*** Opening Exercise data ***

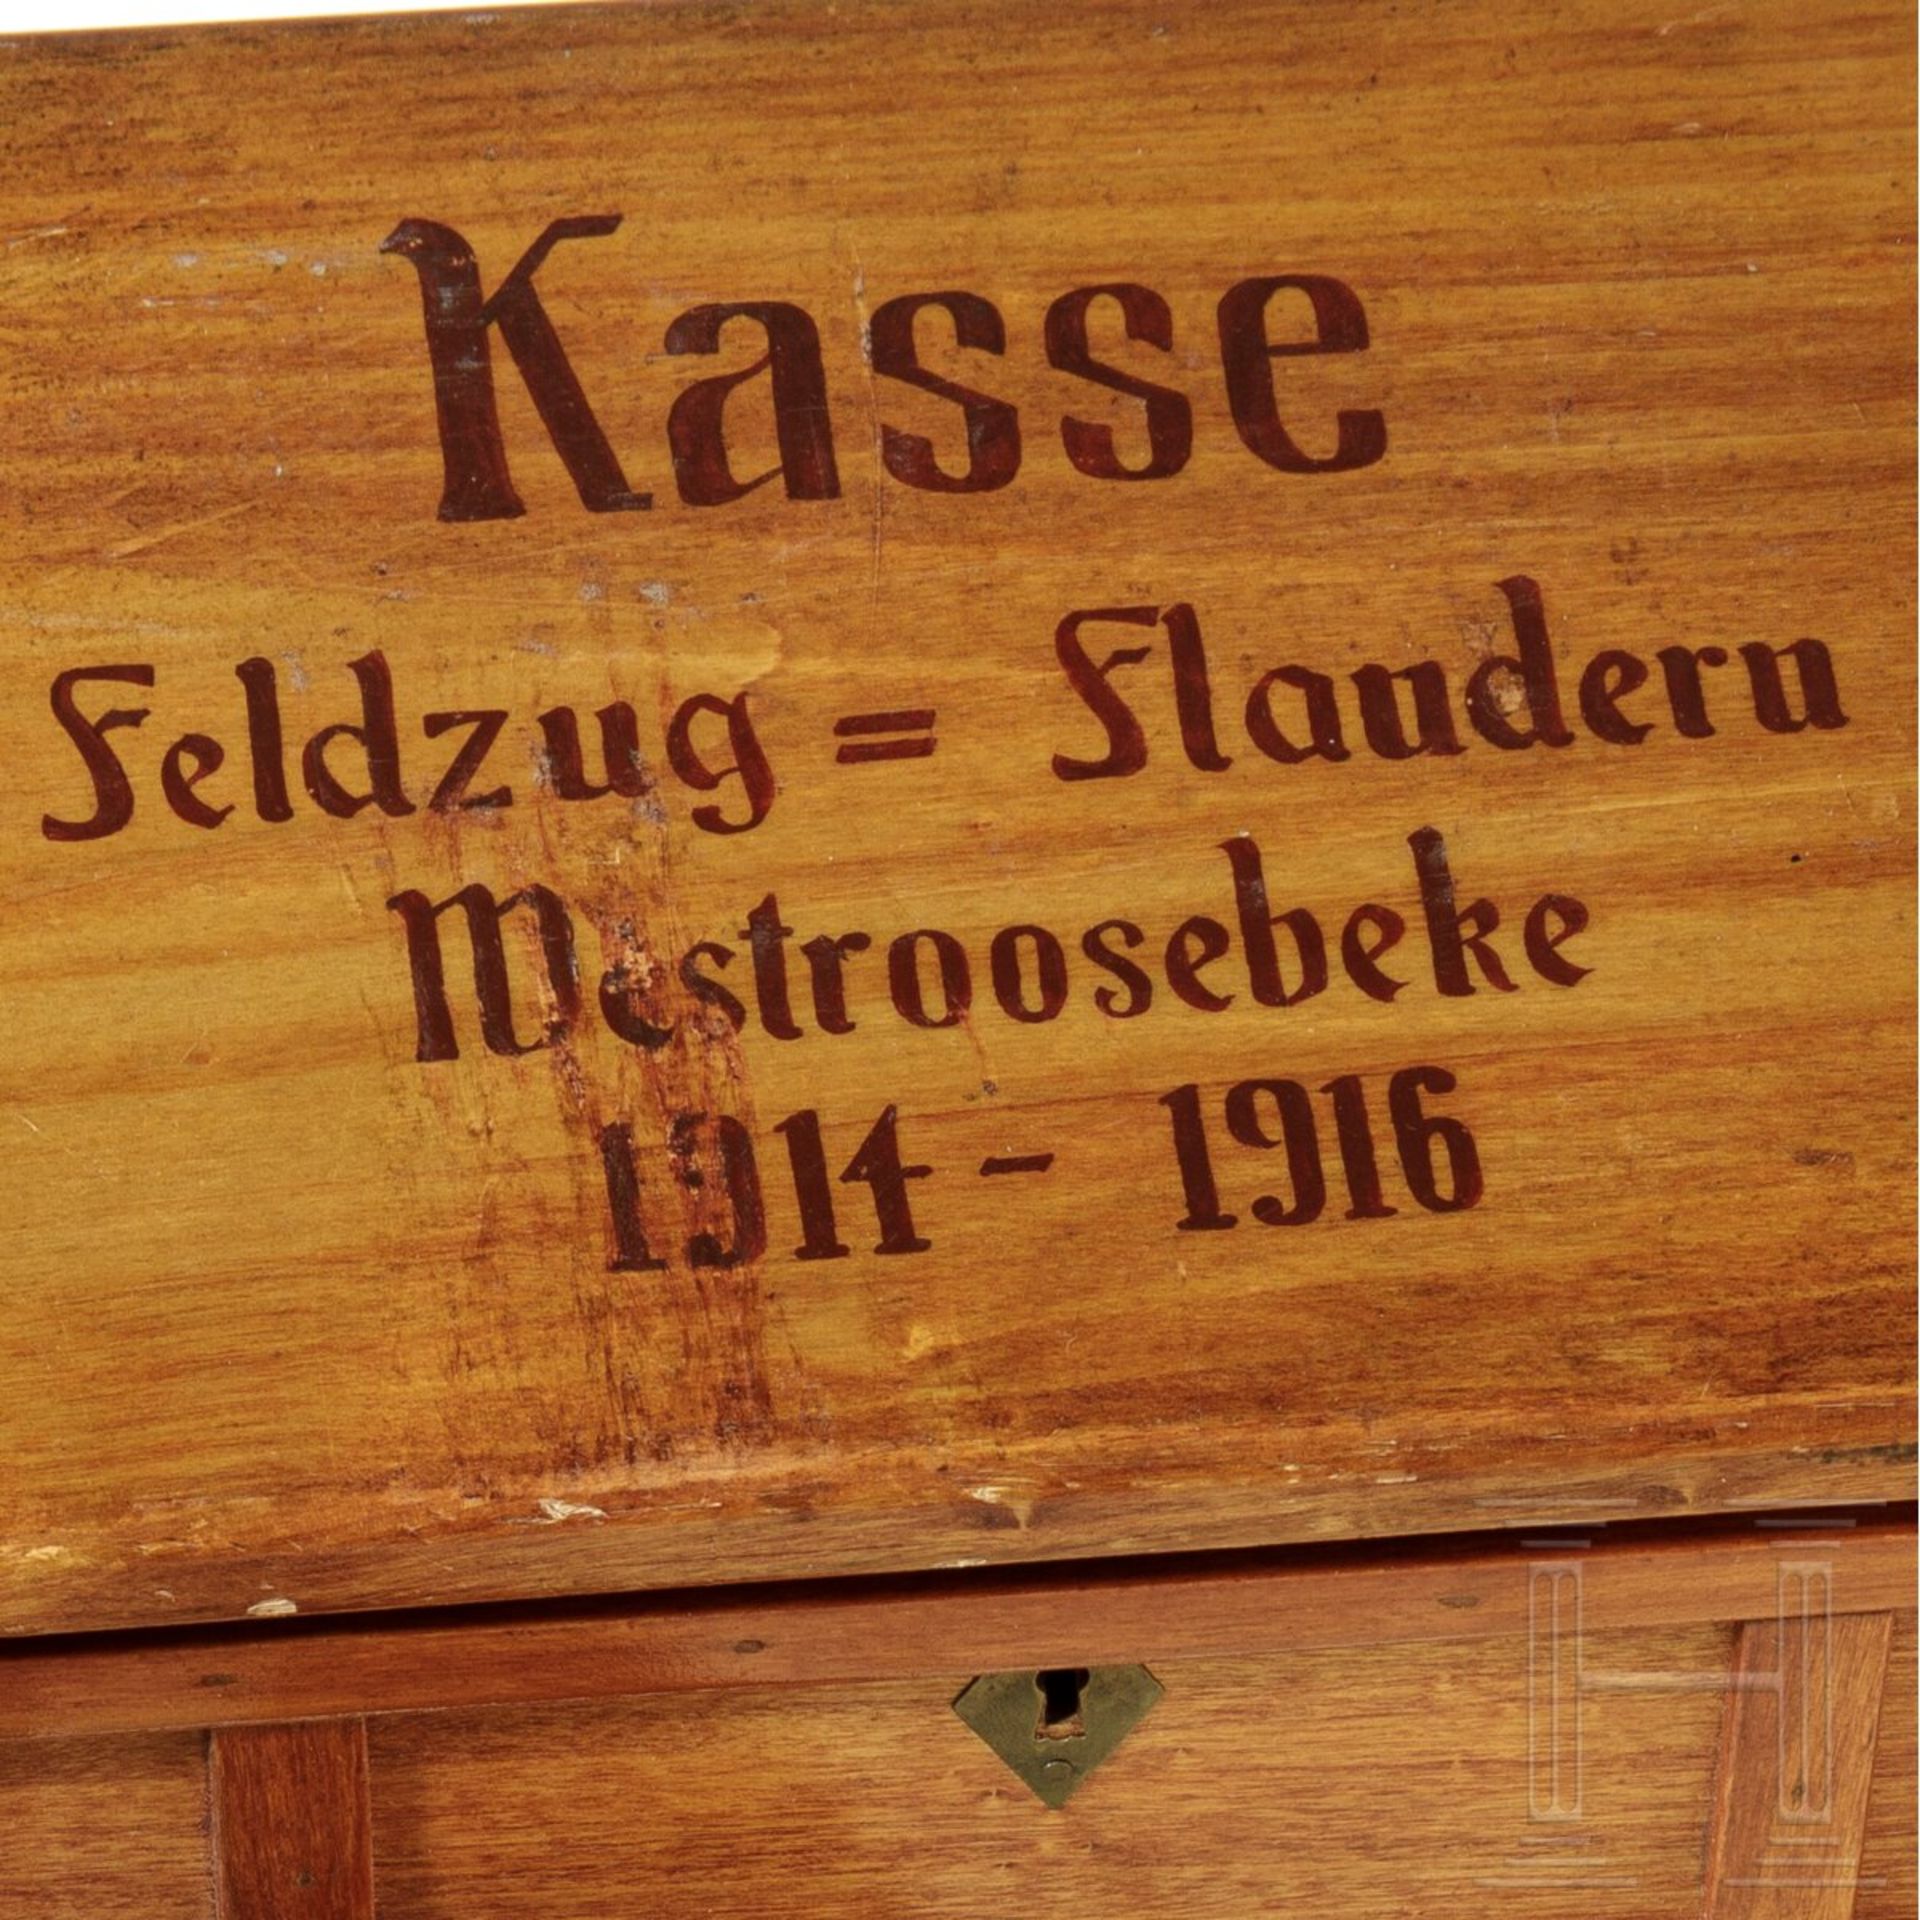 Kasse "Feldzug - Flandern" und Dokumente des Besitzers - Image 5 of 6
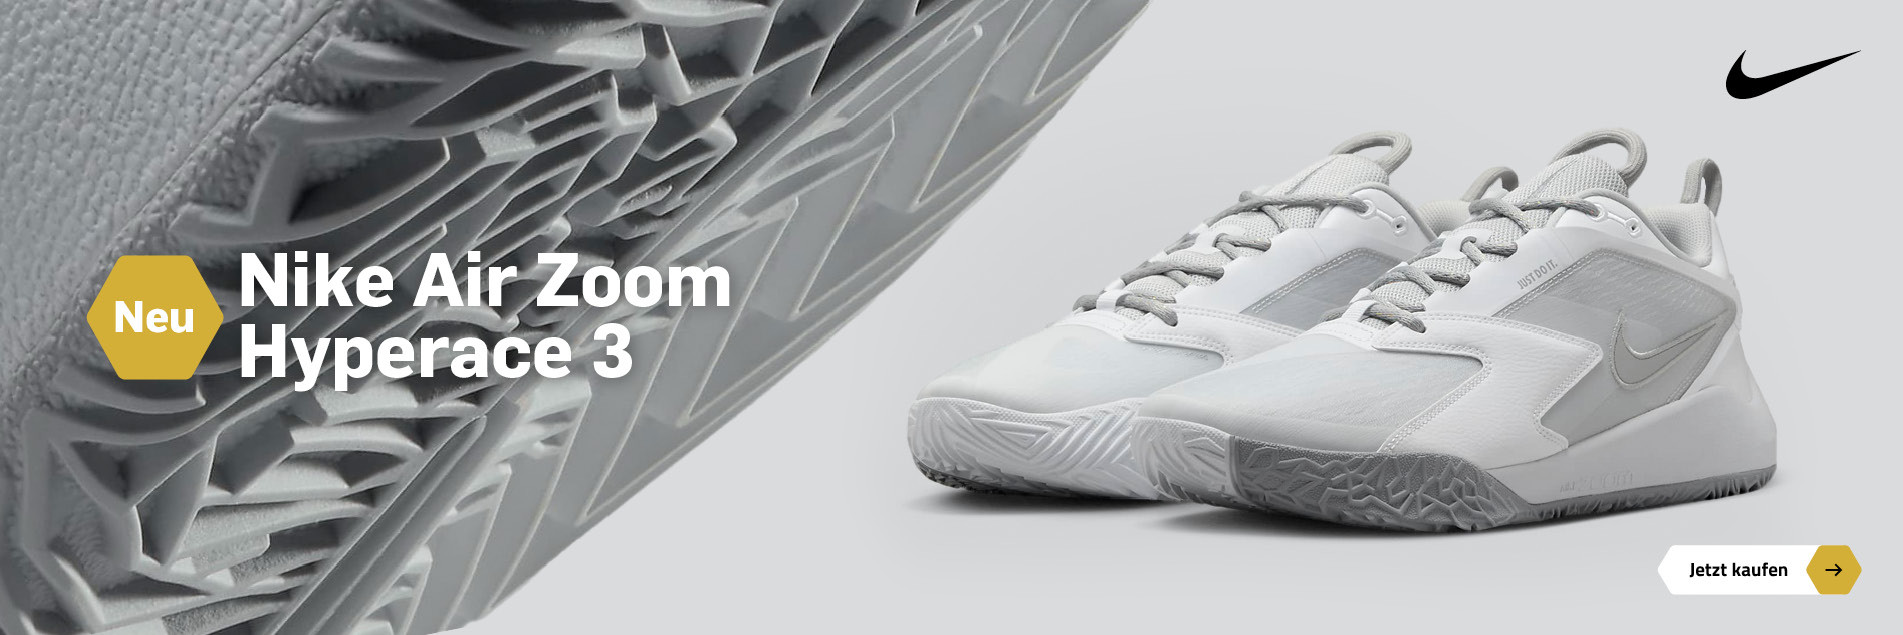 Nike Air Zoom Hyperace 3
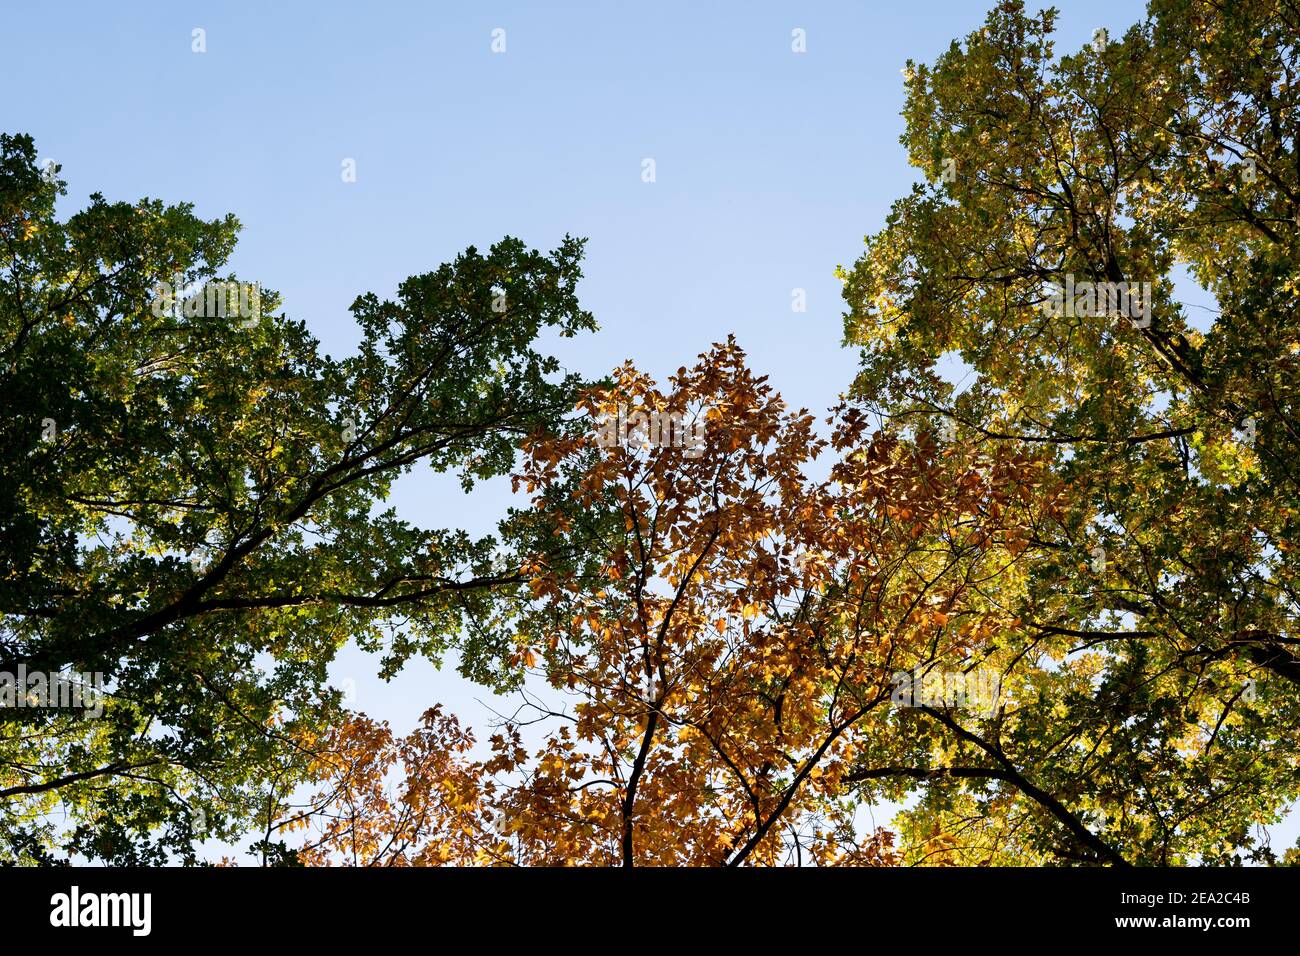 Foglie d'autunno colorate sugli alberi illuminate dalla luce del sole con un bel cielo blu sullo sfondo. Fogliame verde, marrone e giallo Foto Stock
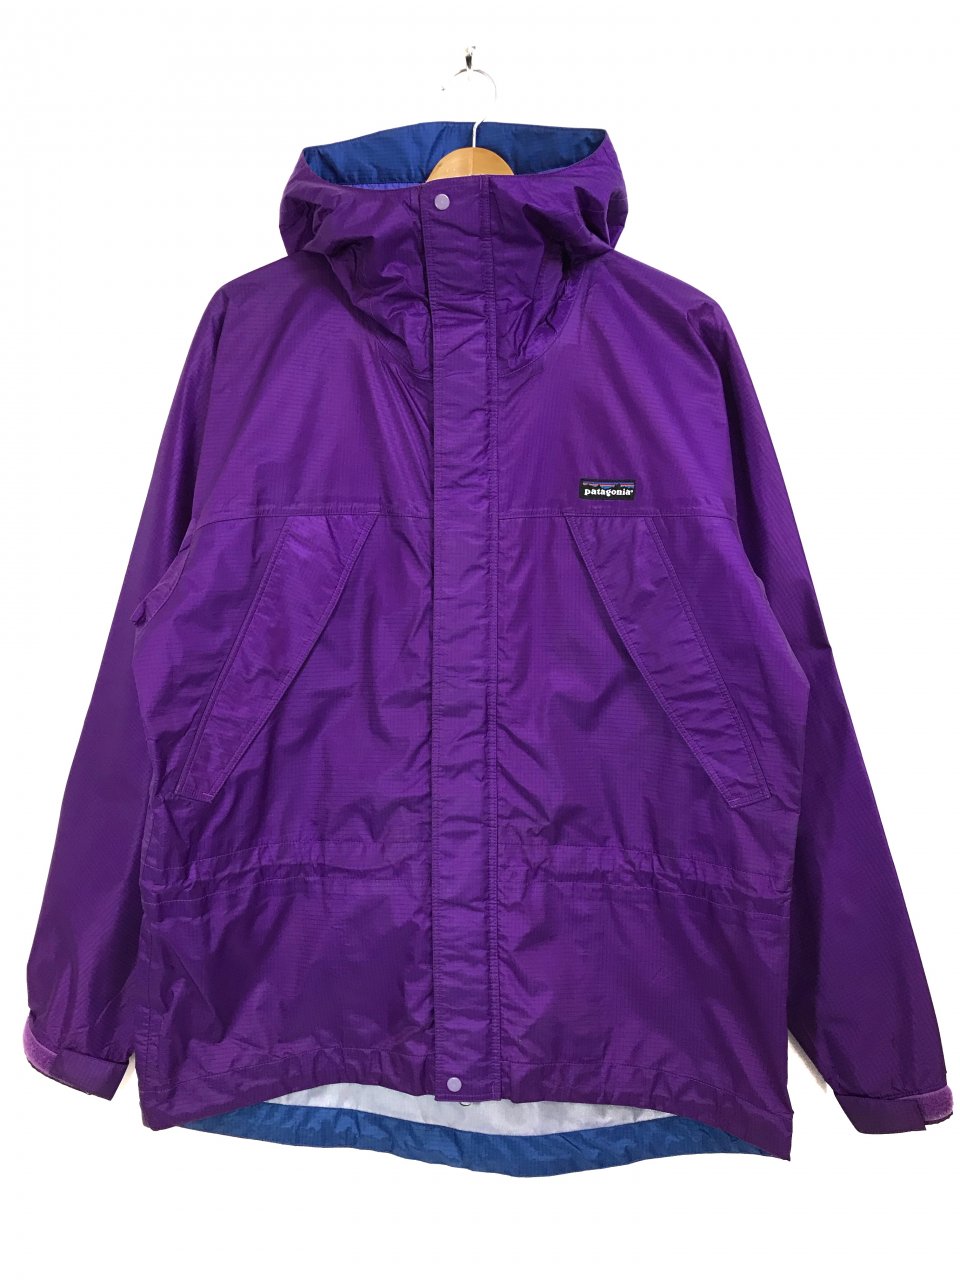 94年 patagonia Super Pluma Jacket (Bright Purple) S 90s 雪

*** Closing Exercise data ***

Exercise goal -> If the data includes images, omit them, and set down everything else exactly as above.

Exercise answer ->
 Kasse "Feldzug - Flandern" und Dokumente des Besitzers - Image 5 of 6
 Nike Air Zoom Hyperace 3
 Foglie d'autunno colorate sugli alberi illuminate dalla luce del sole con un bel cielo blu sullo sfondo. Fogliame verde, marrone e giallo Foto Stock
 94年 patagonia Super Pluma Jacket (Bright Purple) S 90s 雪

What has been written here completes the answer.